> WHAT YOU WILL DO
Leave every picture out, and give again exactly the lines from the one containing "The Local Business’s Guide to Marketing" through the end of the listing.

--- COLLECTED MATERIAL Enclosed Below ---

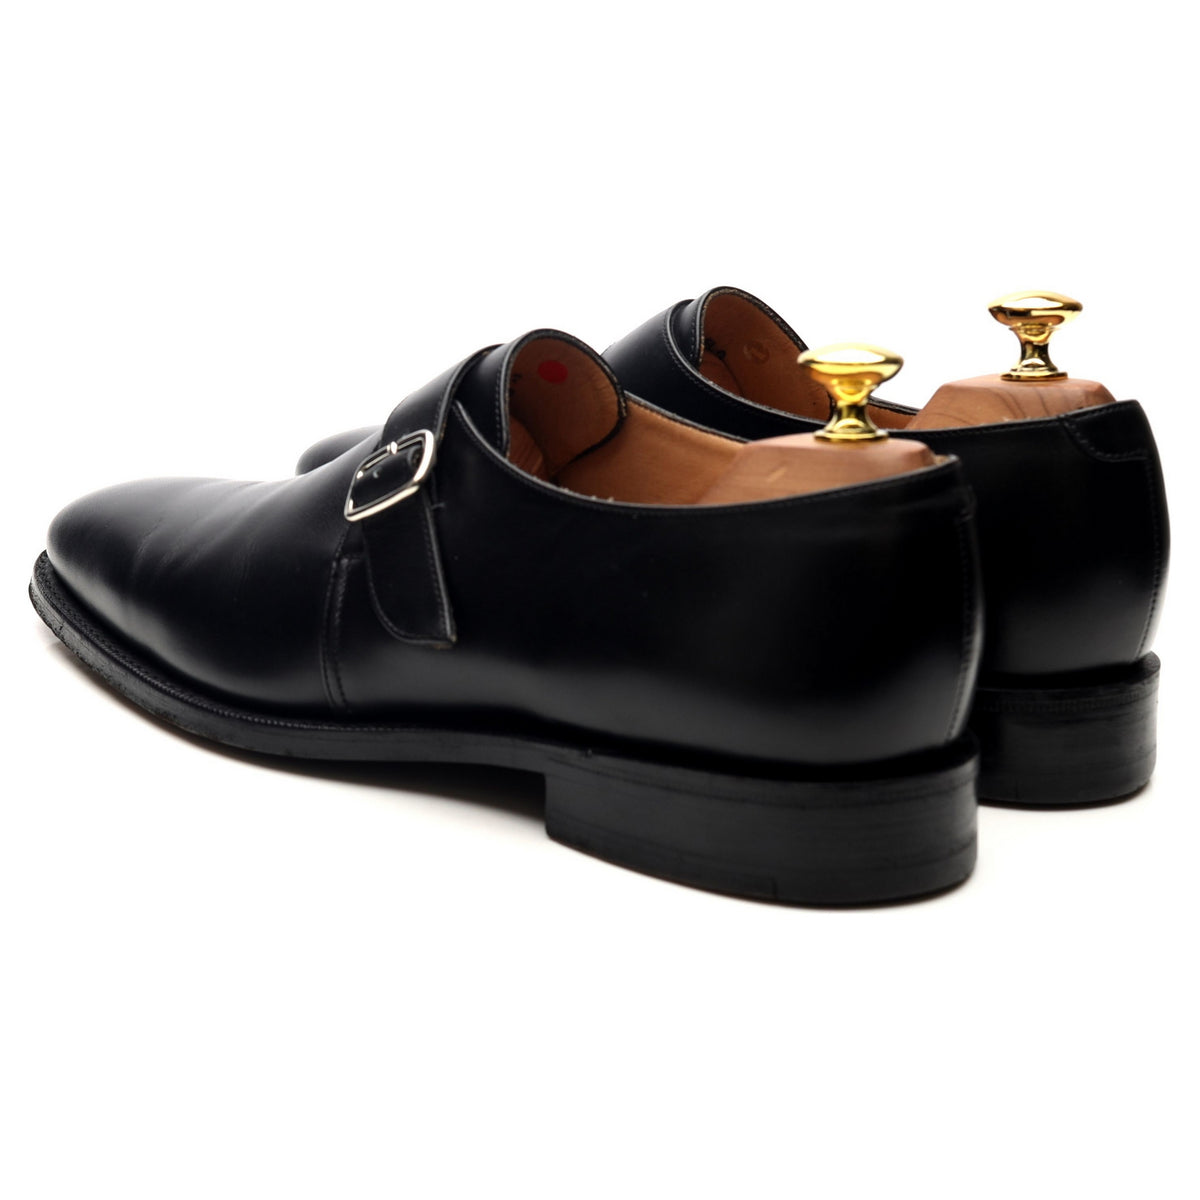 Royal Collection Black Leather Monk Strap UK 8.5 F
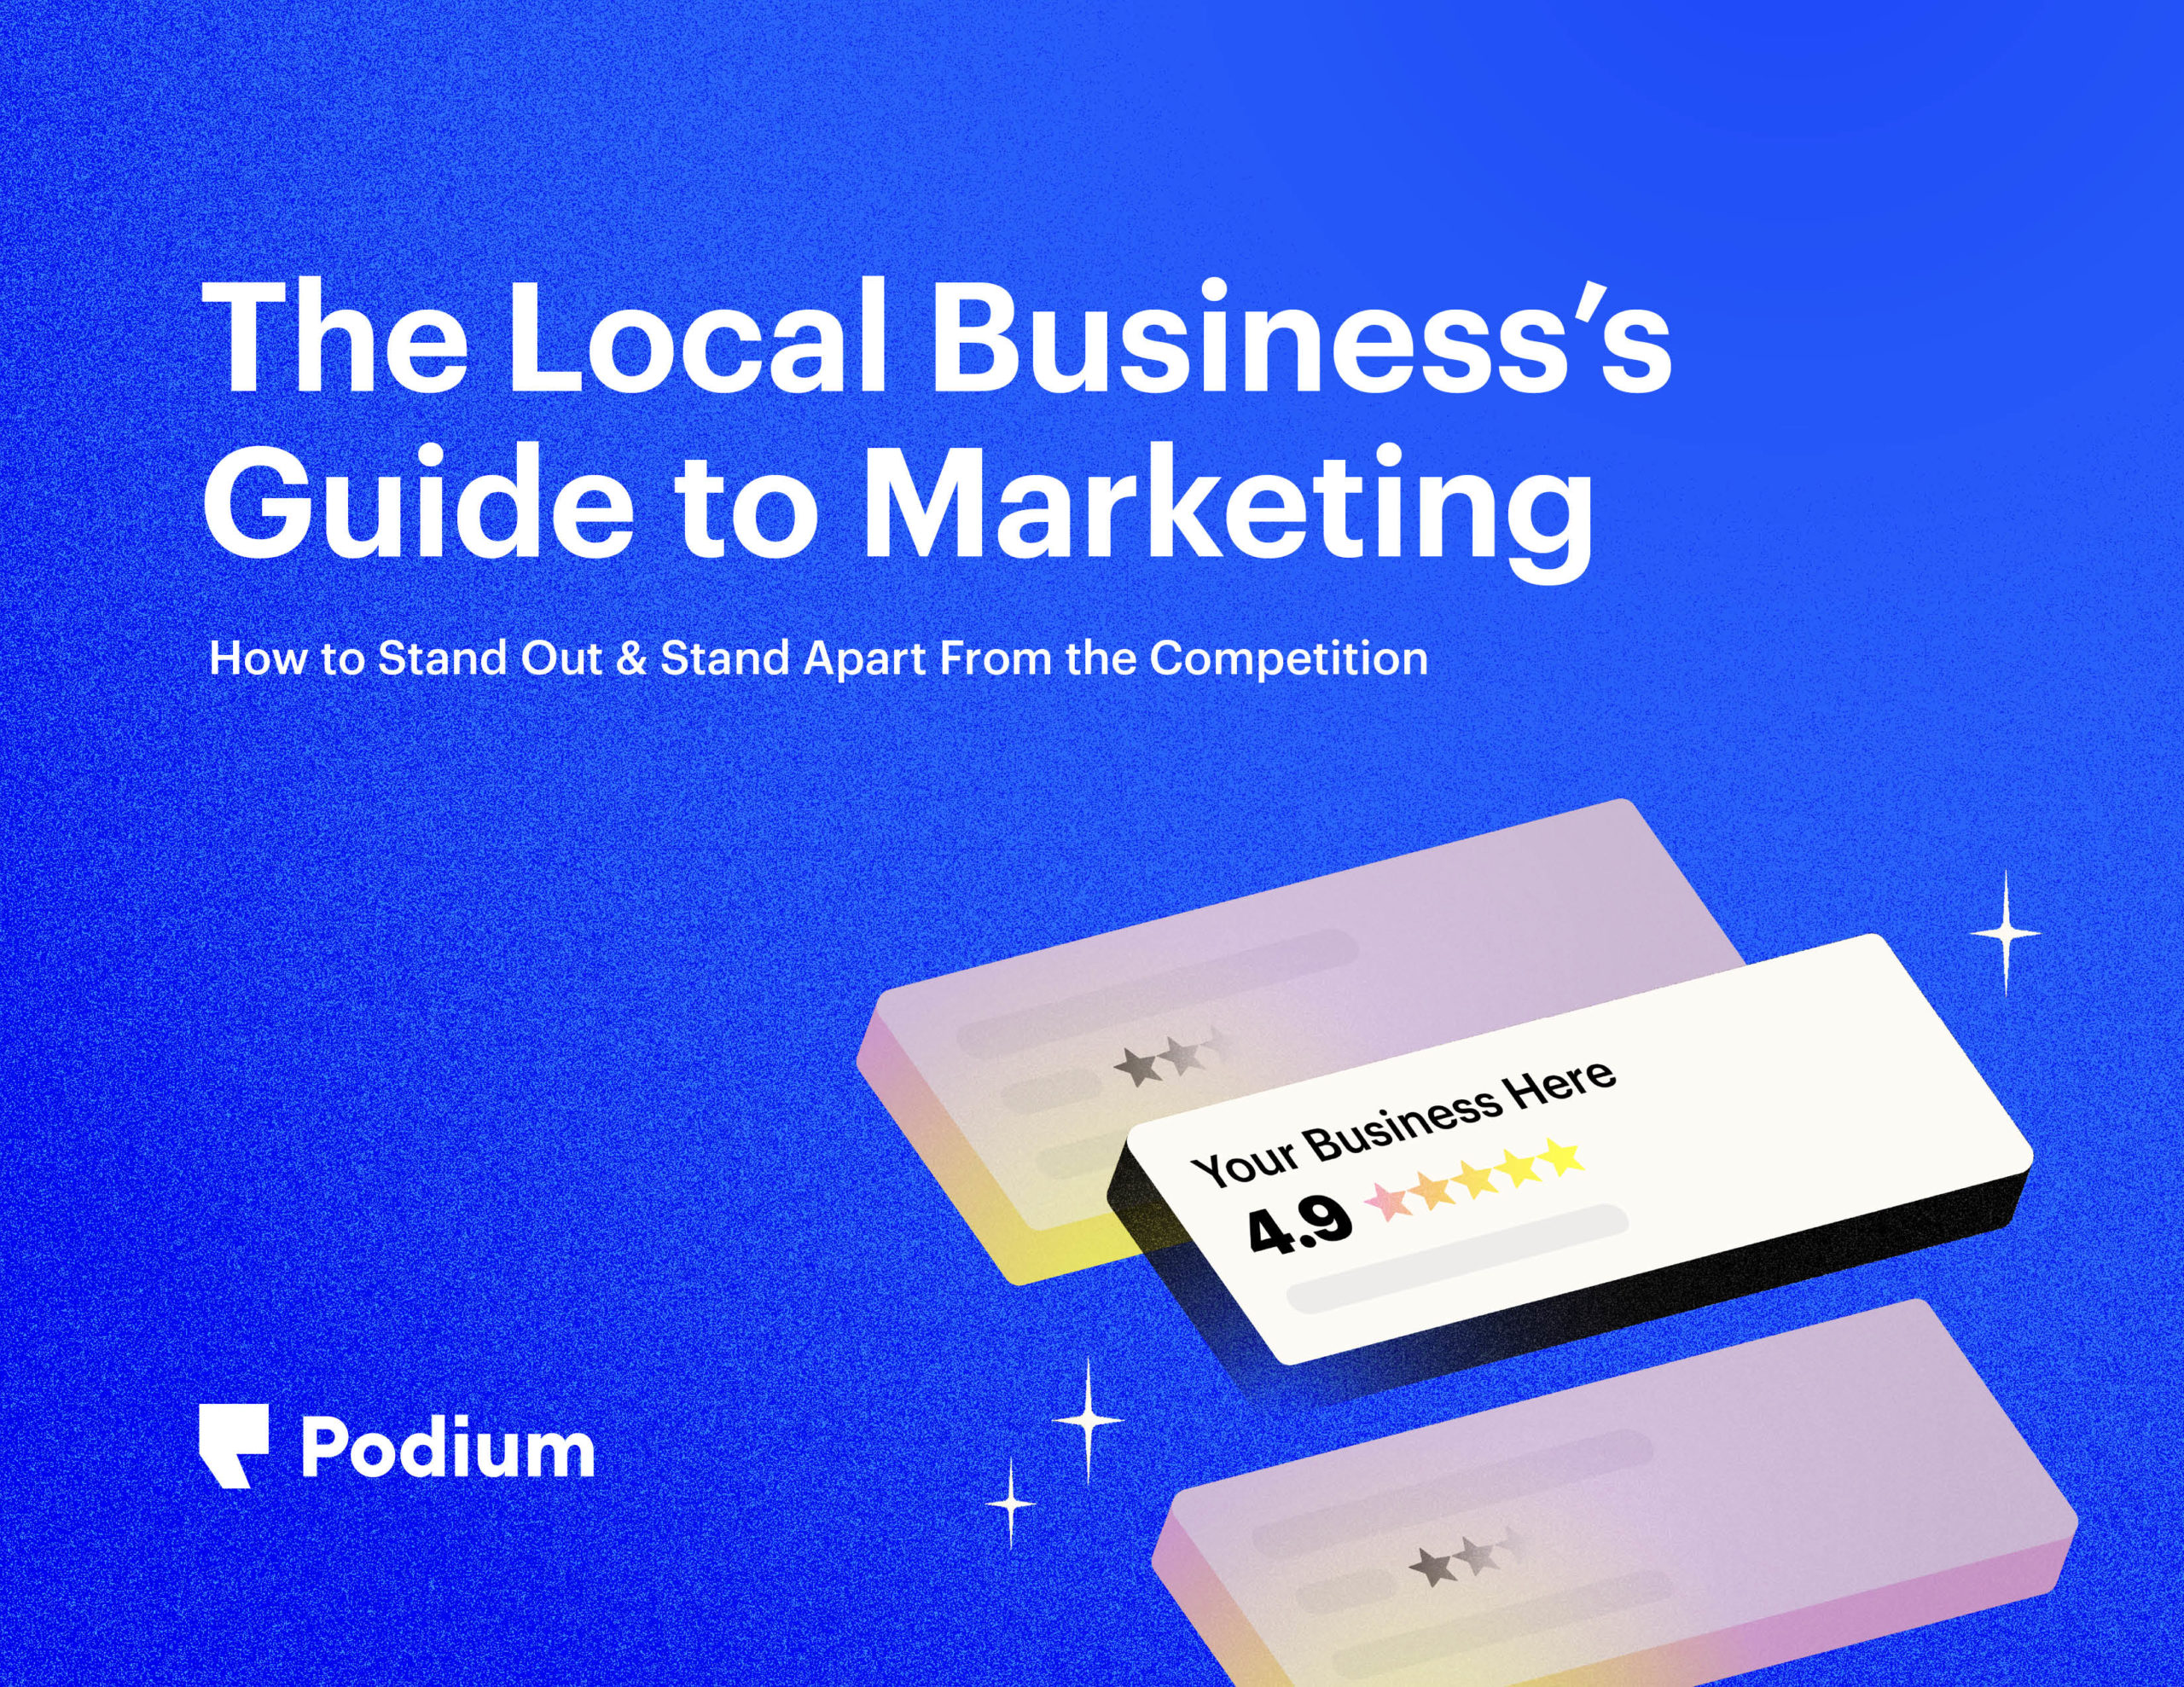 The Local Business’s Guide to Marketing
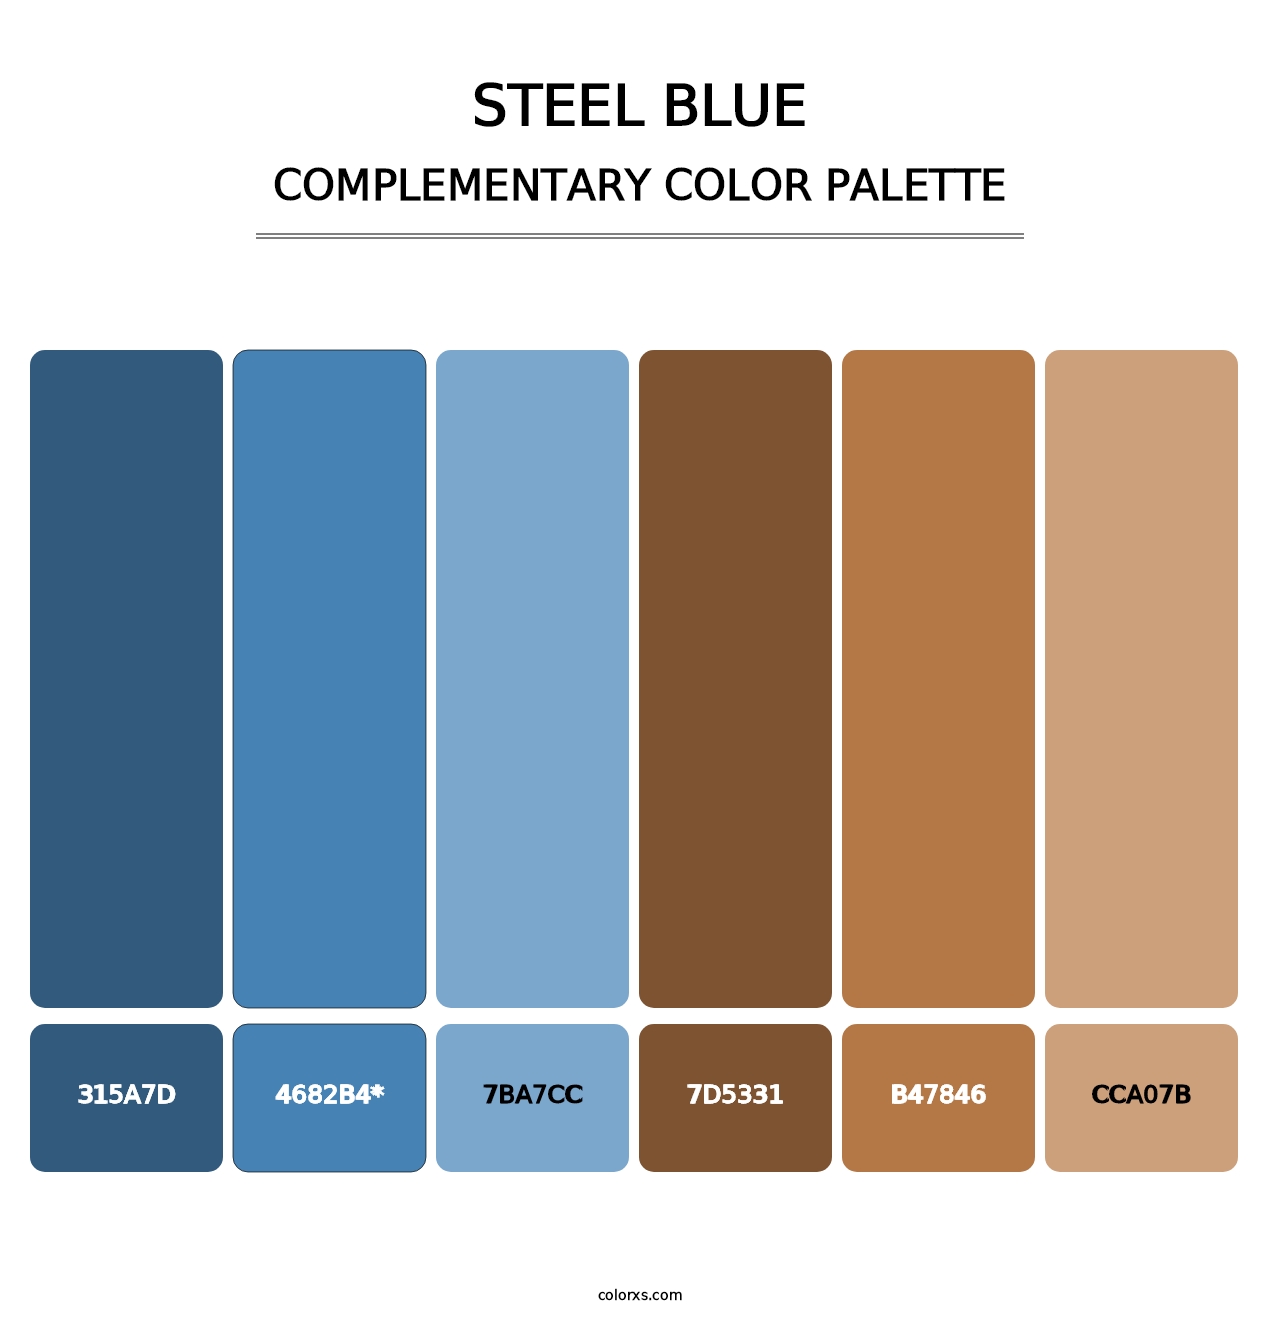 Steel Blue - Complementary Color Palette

--- End of Enclosed COLLECTED MATERIAL ---

> EXPECTED ANSWER
 The Local Business’s Guide to Marketing
 Steel Blue - Complementary Color Palette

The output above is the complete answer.